Ваня второй раз топил печь в кабинете, с трудом разжигая дрова. Ветер задувал огонь и выбрасывал его, налетая порывами из трубы.
Вернувшийся после своих разъездов по городу Раевский рассказывал новости.
Они сидели на диване и, поглядывая на трещавшие дрова, перебирали события последних дней.
— Ваня, звонок! Если меня будут спрашивать, скажи, что не принимаю — болен.
Лермонтов встал и, подойдя к печке, помешал разгоравшиеся дрова. Пламя поднялось и загудело, и искры разлетелись веселой, сверкающей стайкой.
— Люблю огонь! — сказал Лермонтов.
Лицо его в свете вспыхнувшего пламени порозовело и показалось Раевскому совсем юным.
— Михал Юрьич, вас спрашивают, — с некоторым замешательством доложил Ваня, приоткрывая дверь.
— Я же сказал, что болен! А кто там?
Ваня с минуту помолчал.
— Так что… полковник там жандармский и с помощником, — угрюмо сказал он наконец.
Лермонтов быстро выпрямился и посмотрел на Раевского. Тот ответил ему понимающим взглядом и, поднявшись с дивана, стал около Лермонтова.
— Ах, вот оно что! Ну что же, эти гости привыкли ходить незваными. Дверь открыта… Пусть входят. Только бабушку не тревожь.

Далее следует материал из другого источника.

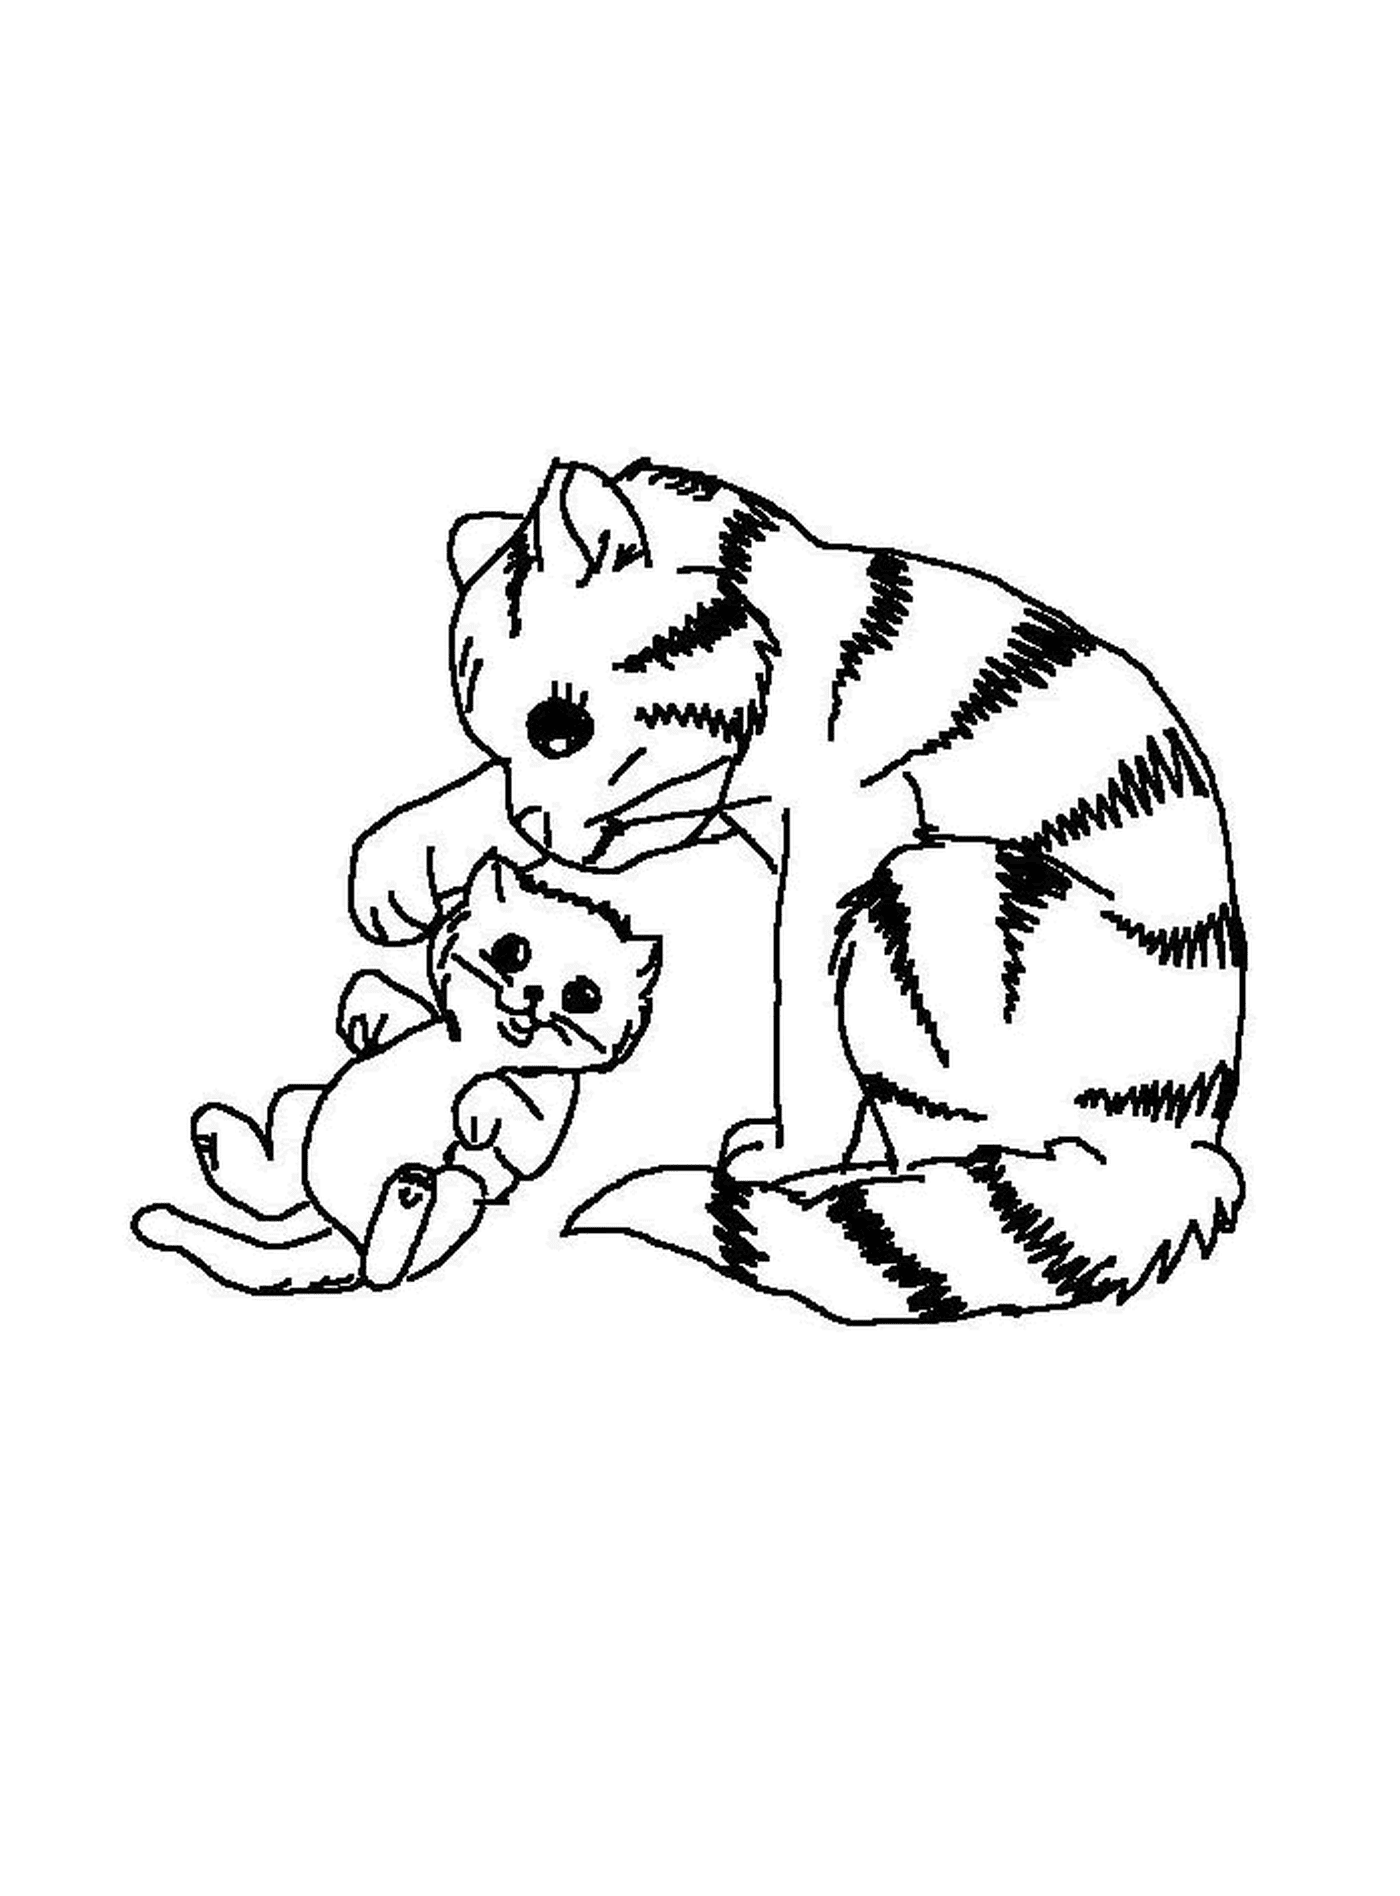   Un chat joue avec un chaton

По коридору уже звякали шпоры, и краснощекий полковник четким шагом вошел в кабинет.
— Кто здесь хозяин дома, Лермонтов Михаил Юрьевич? — посмотрел он поочередно на обоих.
— Я Лермонтов, — он глядел прямо в краснощекое лицо.
— Гусар лейб-гвардии его величества?
— Совершенно верно.
— А Раевский — служащий в Департаменте военных поселений, губернский секретарь, проживающий в этом же доме?
— Это я.
— Господин Лермонтов! — молодцевато сказал полковник, звякнув шпорами. — Позвольте ваше оружие. Вы арестованы. И вы тоже, — обратился он к Раевскому.
В эту минуту дверь открылась, и Елизавета Алексеевна быстро вошла в комнату. Она остановилась перед двумя жандармами, потом торопливо подошла к внуку и обняла его за шею, точно защищая.
— Что такое? Как вы сказали? Они арестованы?! И мой внук арестован?!
— Так точно, сударыня, — еще раз щелкнул шпорами полковник.
— Но этого не может быть! Это ошибка, говорю вам! Мой внук, корнет лейб-гвардии, не может быть арестован!
— Ваш внук, сударыня, — ответил жандарм, — обвиняется в том, что в непозволительных стихах призывал к революции.
— К революции? — повторила бабушка. — Никогда он и не думал об этом!
Но в эту минуту, обернувшись к своему Мишеньке, она встретилась с его темным взглядом. Руки ее опустились, и она растерянно посмотрела вокруг. Потом обернулась к своим непрошеным гостям и дрожащим голосом, но решительно сказала:
— Тогда я сейчас же поеду к графу Бенкендорфу! Вы слышите? Я знаю графа Бенкендорфа, и вам достанется от него за ваше появление в моем доме!
Краснощекий полковник сделал крутой поворот и, обернувшись к своему помощнику, равнодушным голосом приказал:
— Ротмистр Пруткин, прочитайте госпоже Арсеньевой приказ.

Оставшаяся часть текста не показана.